··· Source material
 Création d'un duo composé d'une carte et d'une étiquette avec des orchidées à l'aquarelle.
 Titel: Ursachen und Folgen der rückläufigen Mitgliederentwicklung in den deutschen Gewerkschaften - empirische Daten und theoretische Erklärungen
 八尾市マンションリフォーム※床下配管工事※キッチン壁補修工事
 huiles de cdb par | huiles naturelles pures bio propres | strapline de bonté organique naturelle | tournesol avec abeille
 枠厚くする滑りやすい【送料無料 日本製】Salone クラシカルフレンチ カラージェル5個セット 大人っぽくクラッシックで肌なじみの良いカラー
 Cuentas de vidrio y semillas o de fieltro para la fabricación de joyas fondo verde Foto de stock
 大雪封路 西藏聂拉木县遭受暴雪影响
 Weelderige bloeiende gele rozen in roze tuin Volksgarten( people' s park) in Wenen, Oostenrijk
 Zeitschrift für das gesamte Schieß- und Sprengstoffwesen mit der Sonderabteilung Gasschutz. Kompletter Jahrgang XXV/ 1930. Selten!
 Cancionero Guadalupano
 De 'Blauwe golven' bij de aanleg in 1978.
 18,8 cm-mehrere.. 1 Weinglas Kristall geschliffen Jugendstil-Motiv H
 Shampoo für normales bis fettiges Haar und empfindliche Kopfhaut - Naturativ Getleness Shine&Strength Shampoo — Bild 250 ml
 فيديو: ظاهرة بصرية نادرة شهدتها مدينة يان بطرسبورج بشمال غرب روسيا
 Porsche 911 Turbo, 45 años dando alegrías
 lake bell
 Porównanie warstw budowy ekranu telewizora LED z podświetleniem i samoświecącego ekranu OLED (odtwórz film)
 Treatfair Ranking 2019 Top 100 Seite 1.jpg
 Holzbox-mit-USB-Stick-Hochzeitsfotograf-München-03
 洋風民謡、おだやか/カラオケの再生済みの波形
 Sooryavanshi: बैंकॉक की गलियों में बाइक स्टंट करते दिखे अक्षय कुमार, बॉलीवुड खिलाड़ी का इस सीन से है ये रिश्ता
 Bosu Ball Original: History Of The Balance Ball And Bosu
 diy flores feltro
······
(Assignment) All that is wanted is an exact copy of the lines above from the one with "八尾市マンションリフォーム※床下配管工事※キッチン壁補修工事" through the one with "Weelderige bloeiende gele", with both ends included.

(Task response)
 八尾市マンションリフォーム※床下配管工事※キッチン壁補修工事
 huiles de cdb par | huiles naturelles pures bio propres | strapline de bonté organique naturelle | tournesol avec abeille
 枠厚くする滑りやすい【送料無料 日本製】Salone クラシカルフレンチ カラージェル5個セット 大人っぽくクラッシックで肌なじみの良いカラー
 Cuentas de vidrio y semillas o de fieltro para la fabricación de joyas fondo verde Foto de stock
 大雪封路 西藏聂拉木县遭受暴雪影响
 Weelderige bloeiende gele rozen in roze tuin Volksgarten( people' s park) in Wenen, Oostenrijk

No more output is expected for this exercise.